Annals of Operations Research

, Volume 264, Issue 1–2, pp 41–56 | Cite as

Efficient extensions of communication values

  • Sylvain Béal
  • André Casajus
  • Frank Huettner
Original Paper


We study values for transferable utility games enriched by a communication graph. The most well-known such values are component-efficient and characterized by some deletion link property. We study efficient extensions of such values: for a given component-efficient value, we look for a value that (i) satisfies efficiency, (ii) satisfies the link-deletion property underlying the original component-efficient value, and (iii) coincides with the original component-efficient value whenever the underlying graph is connected.

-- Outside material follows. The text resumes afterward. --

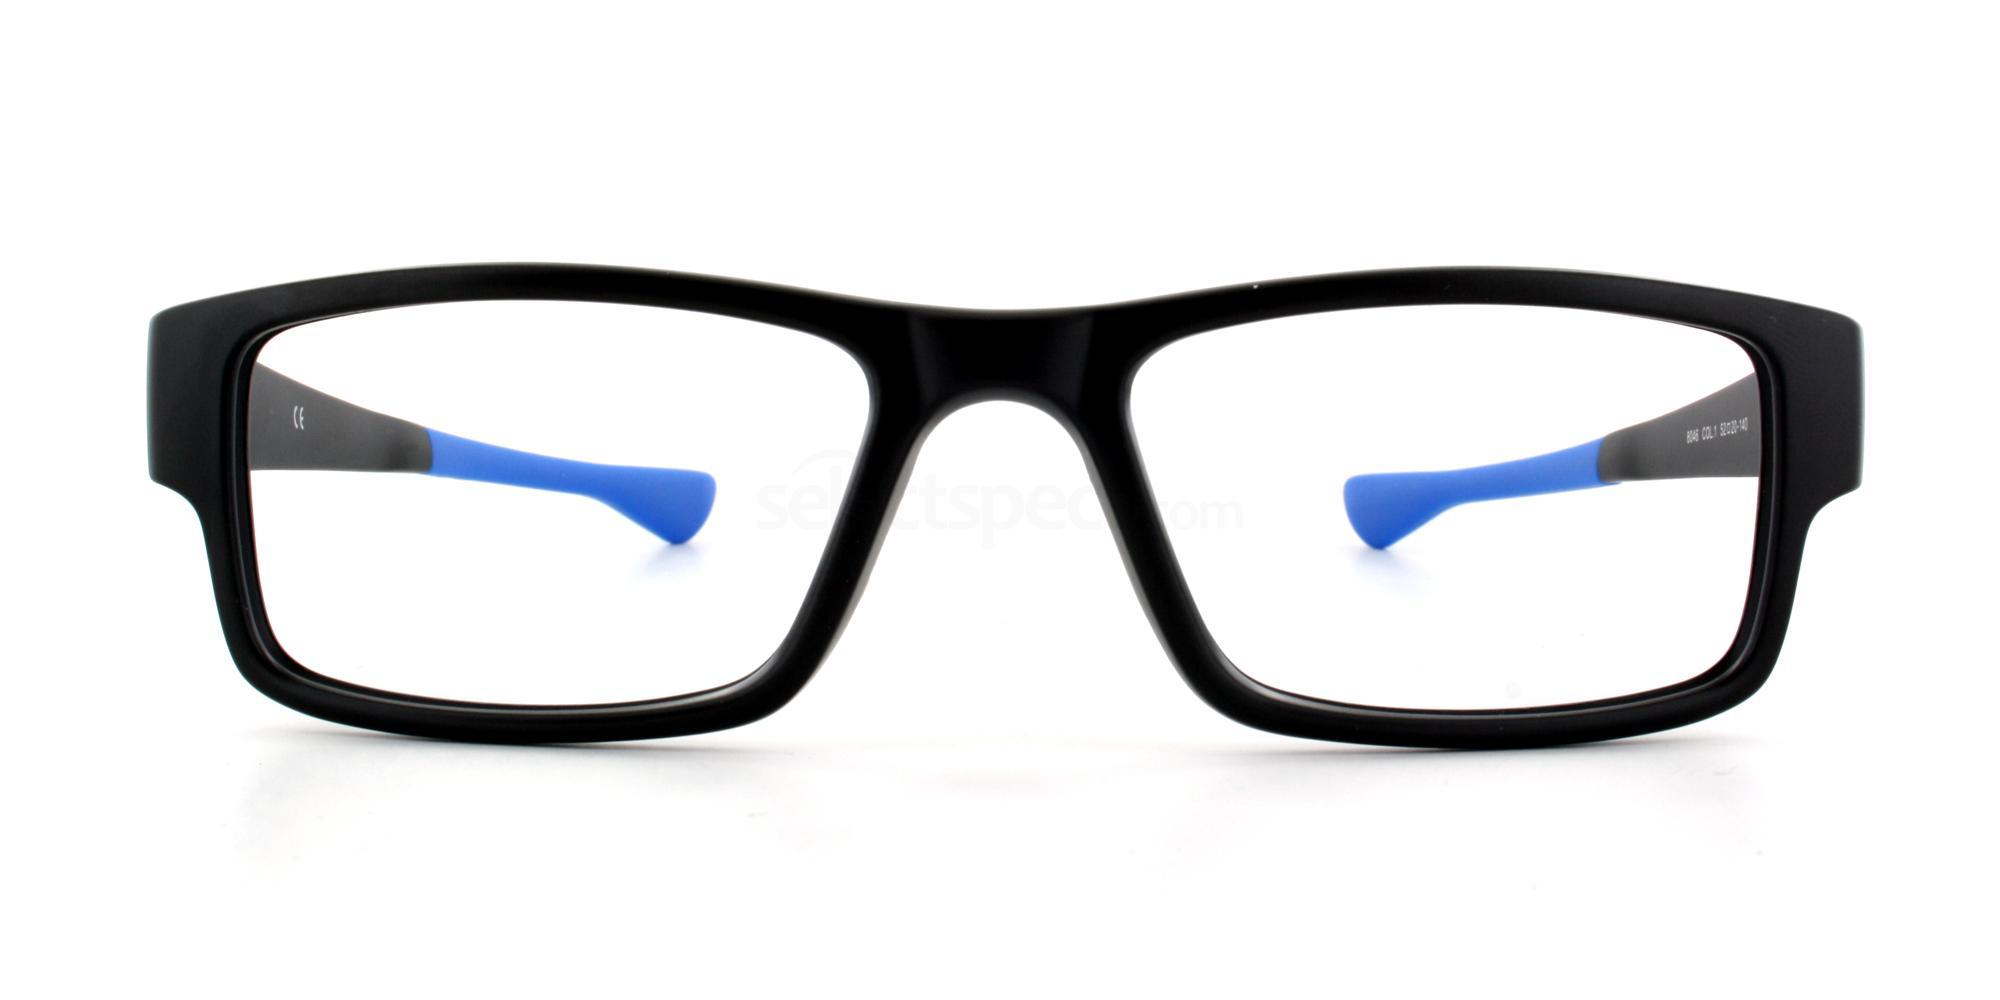 Col. 1 8046 Glasses, Aero

Béal et al. (Soc Choice Welf 45:819–827, 2015) prove that the Myerson value (Myerson in Math Oper Res 2:225–229, 1977) admits a unique efficient extension, which has been introduced by van den Brink et al. (Econ Lett 117:786–789, 2012). We pursue this line of research by showing that the average tree solution (Herings et al. in Games Econ Behav 62:77–92, 2008) and the compensation solution (Béal et al. in Int J Game Theory 41:157–178, 2012b) admit similar unique efficient extensions, and that there exists no efficient extension of the position value (Meessen in Communication games, 1988; Borm et al. in SIAM J Discrete Math 5:305–320, 1992). As byproducts, we obtain new characterizations of the average tree solution and the compensation solution, and of their efficient extensions.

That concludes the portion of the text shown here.